Records from a dataset:
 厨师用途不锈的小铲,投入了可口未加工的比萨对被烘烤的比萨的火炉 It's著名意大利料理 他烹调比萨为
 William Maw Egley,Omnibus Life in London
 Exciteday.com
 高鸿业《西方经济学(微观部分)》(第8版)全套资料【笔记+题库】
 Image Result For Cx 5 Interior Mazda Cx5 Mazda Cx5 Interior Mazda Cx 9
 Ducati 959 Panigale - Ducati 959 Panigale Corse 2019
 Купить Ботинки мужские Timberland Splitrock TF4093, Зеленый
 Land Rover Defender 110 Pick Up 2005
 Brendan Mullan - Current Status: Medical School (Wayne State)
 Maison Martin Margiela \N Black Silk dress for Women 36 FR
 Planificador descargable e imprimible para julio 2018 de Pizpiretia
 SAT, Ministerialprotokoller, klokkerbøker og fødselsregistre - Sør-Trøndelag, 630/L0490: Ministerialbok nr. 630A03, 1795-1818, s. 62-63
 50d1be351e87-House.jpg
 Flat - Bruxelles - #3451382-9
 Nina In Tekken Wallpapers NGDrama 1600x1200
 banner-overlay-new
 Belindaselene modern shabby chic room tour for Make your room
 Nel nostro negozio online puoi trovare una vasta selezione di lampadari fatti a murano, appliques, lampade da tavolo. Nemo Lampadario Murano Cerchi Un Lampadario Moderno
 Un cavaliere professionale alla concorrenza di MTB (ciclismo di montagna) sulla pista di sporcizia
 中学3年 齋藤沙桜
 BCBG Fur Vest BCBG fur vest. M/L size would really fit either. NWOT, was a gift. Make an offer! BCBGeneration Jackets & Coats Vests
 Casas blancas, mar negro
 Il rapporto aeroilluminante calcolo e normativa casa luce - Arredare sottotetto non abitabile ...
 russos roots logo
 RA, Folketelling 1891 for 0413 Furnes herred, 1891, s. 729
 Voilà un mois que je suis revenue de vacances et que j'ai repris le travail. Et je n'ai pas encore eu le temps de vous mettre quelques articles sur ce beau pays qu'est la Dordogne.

**Your instructions:** Please write out, exactly as they appear, the line that contains "Nina In Tekken Wallpapers NGDrama 1600x1200" and every line after it up to the end of the entries above, and no others.

**Output for this task:**
 Nina In Tekken Wallpapers NGDrama 1600x1200
 banner-overlay-new
 Belindaselene modern shabby chic room tour for Make your room
 Nel nostro negozio online puoi trovare una vasta selezione di lampadari fatti a murano, appliques, lampade da tavolo. Nemo Lampadario Murano Cerchi Un Lampadario Moderno
 Un cavaliere professionale alla concorrenza di MTB (ciclismo di montagna) sulla pista di sporcizia
 中学3年 齋藤沙桜
 BCBG Fur Vest BCBG fur vest. M/L size would really fit either. NWOT, was a gift. Make an offer! BCBGeneration Jackets & Coats Vests
 Casas blancas, mar negro
 Il rapporto aeroilluminante calcolo e normativa casa luce - Arredare sottotetto non abitabile ...
 russos roots logo
 RA, Folketelling 1891 for 0413 Furnes herred, 1891, s. 729
 Voilà un mois que je suis revenue de vacances et que j'ai repris le travail. Et je n'ai pas encore eu le temps de vous mettre quelques articles sur ce beau pays qu'est la Dordogne.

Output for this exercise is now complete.